LTXV 2.3 First Frame to Last Frame ComfyUI Workflow + One Click Installer
The LTX 2.3 First Frame and Last Frame workflow introduces a more story-driven image-to-video generation process by allowing full control of both the starting and ending frames. This enhancement transforms standard AI-generated clips into visually consistent sequences with smoother scene progression and more cinematic transitions.
I came across the original workflow on the Whatdreamcosts GitHub repository and have made a few performance-focused tweaks to improve compatibility with GGUF UNet and CLIP models. These adjustments make the workflow significantly faster and better suited for low VRAM devices.
In testing on a 24GB RAM GPU, I achieved a 1280×640 10-second video in about 3–4 minutes using all three processing phases. You can explore the original workflow and a full video tutorial by the creator here:
Whatdreamcosts GitHub Repo & Tutorial:
https://www.youtube.com/watch?v=aXDIr8eNovI
One Click Installer (Low VRAM GGUF Version)
To make setup effortless, I’ve built a One Click Installer for the lower VRAM GGUF version of the LTX 2.3 workflow. It includes all the essential model files, preloaded in the correct ComfyUI directory structure so you can start generating immediately.

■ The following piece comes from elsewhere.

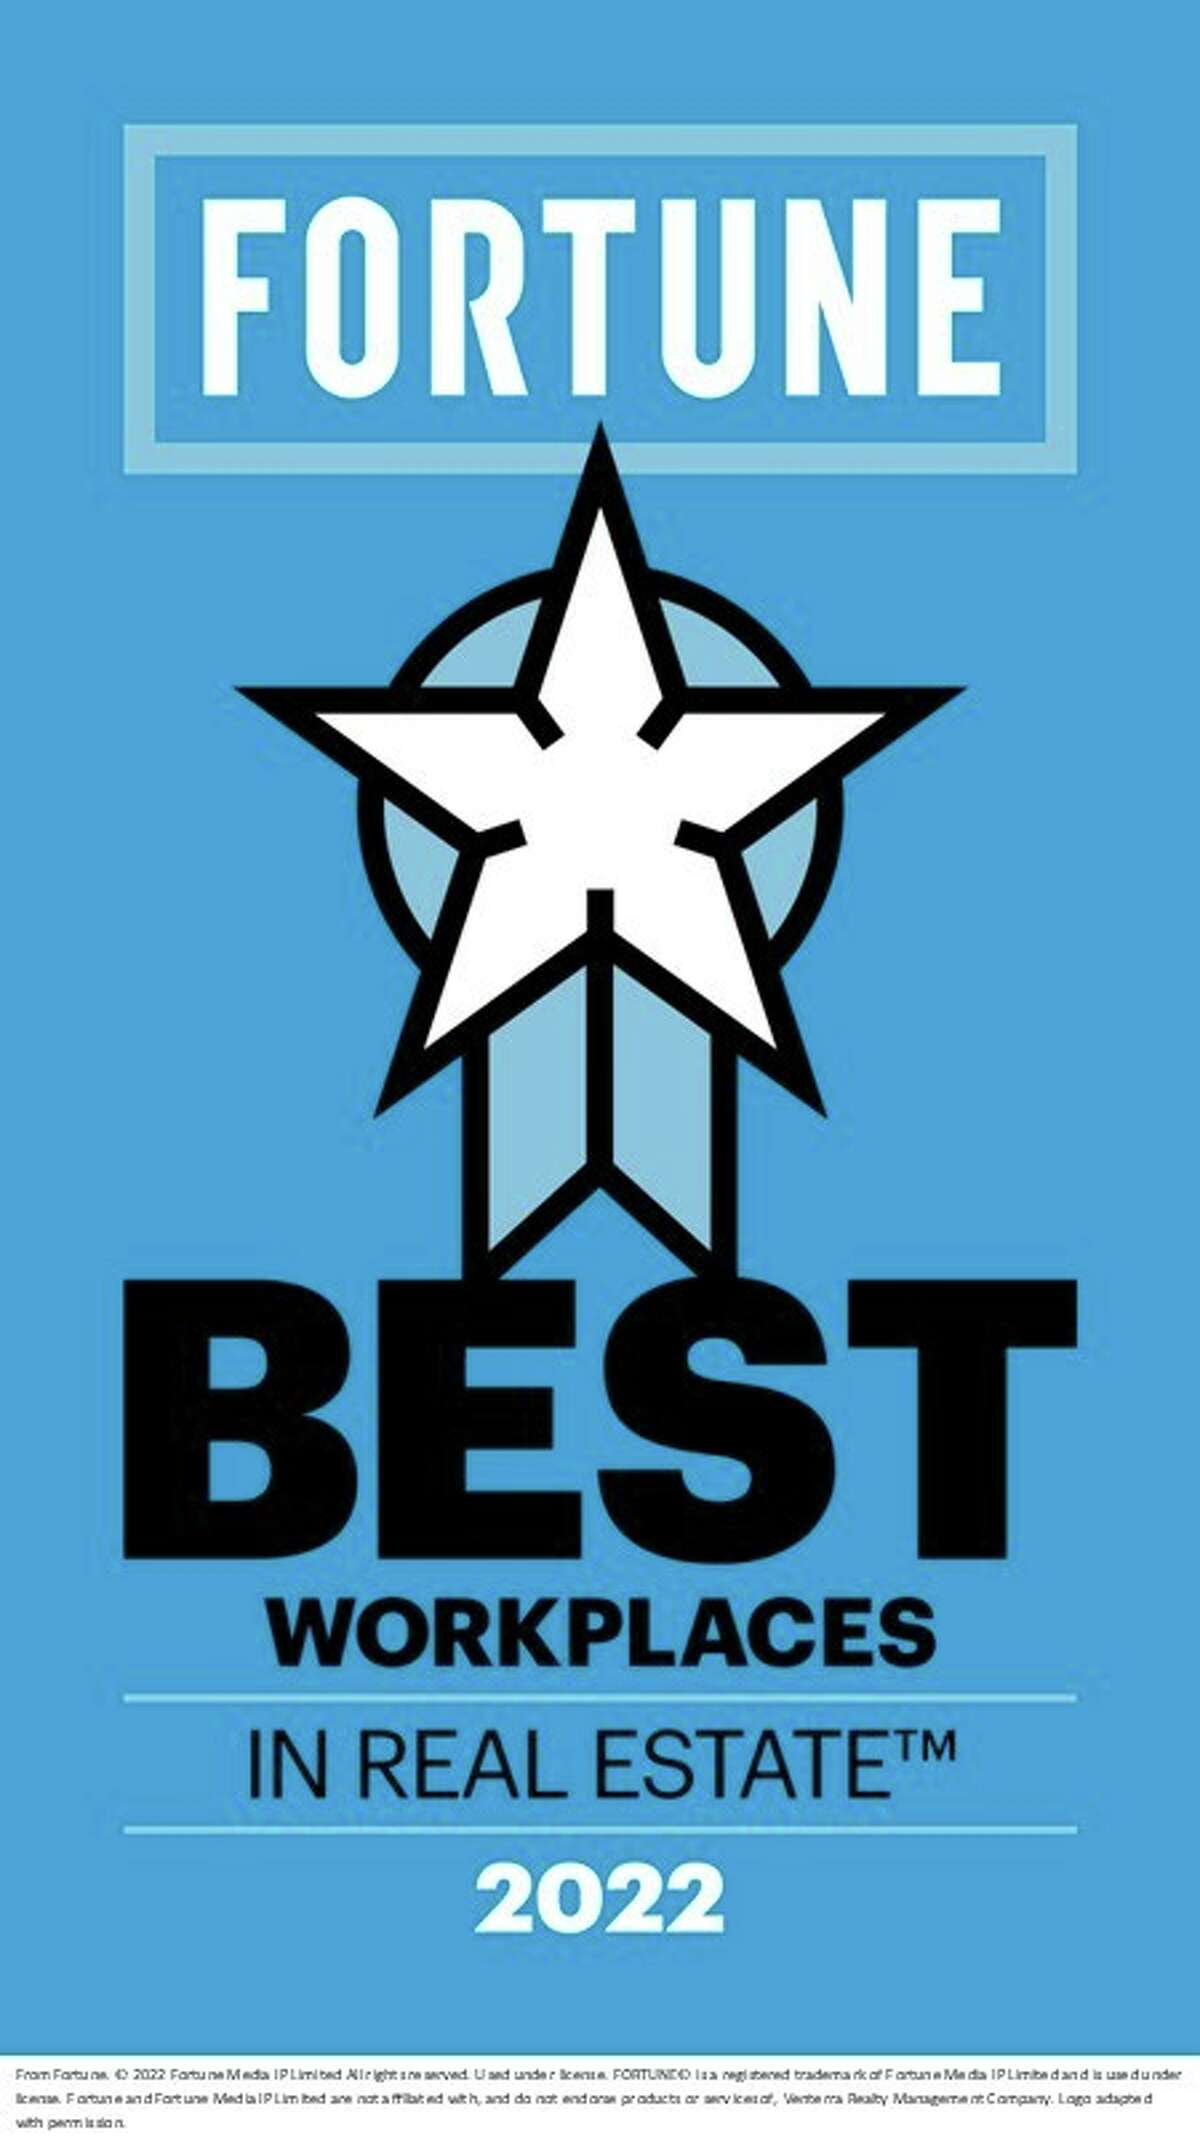 Fortune Best Workplaces in Real Estate

Preloaded Models Within the Installer (Low VRAM):
ltx-2.3_text_projection_bf16.safetensors – Hugging Face Link
gemma-3-12b-it-UD-Q5_K_XL.gguf – Hugging Face Link
LTX23_audio_vae_bf16.safetensors – Hugging Face Link
LTX23_video_vae_bf16.safetensors – Hugging Face Link
ltx-2.3-22b-dev-Q3_K_S.gguf – Hugging Face Link
ltx-2.3-spatial-upscaler-x2-1.0.safetensors (Upscale Model) – Hugging Face Link
ltx-2.3-22b-distilled-lora-dynamic_fro09_avg_rank_105_bf16.safetensors (LoRA) – Hugging Face Link
The standard LTX 2.3 22B checkpoint models (BF16, FP8) aren’t bundled within the installer, but can be easily downloaded from Kijai’s official Hugging Face repository:
LTX-2 19B Diffusion Models
Speed & Performance
You can generate 10-second 1280×640 video in about 3–4 minutes on 24 GB VRAM.
The workflow intelligently adapts to your hardware—running efficiently on lower VRAM GPUs while still achieving smooth motion and crisp visual detail. The process begins at lower resolution and automatically upscales 2× in the final two sampling phases to deliver stunning, high-resolution renders.
System Requirements
NVIDIA RTX 30XX / 40XX / 50XX GPU (FP16 supported)
CUDA-compatible GPU (minimum 20GB VRAM, 24GB+ recommended)
Windows OS
Minimum 50GB free storage
What’s Included
Portable ComfyUI Windows Installer (pre-configured for LTX 2.3 image-to-video)
Automated model downloads and ComfyUI nodes setup
Optimized long-sequence video workflows for flexible use
Designed for both beginners and advanced AI video creators
Usage Notes
Fully compatible with LTX 2.3 22B GGUF (optimized for Low VRAM setups).
Use rich, detailed text prompts for better motion coherence and narrative control.
For the First Frame / Last Frame workflow, start with high-resolution reference images to ensure clarity and consistent detail throughout your video.
Add both images in the Multi Image Loader, arranging image 1 as the start and image 2 as the final frame.
Adjust resolution based on your GPU’s capacity—higher resolutions demand more VRAM.
To customize or expand the workflow, open the subgraph’s prompt node and use the top-right arrow for advanced settings.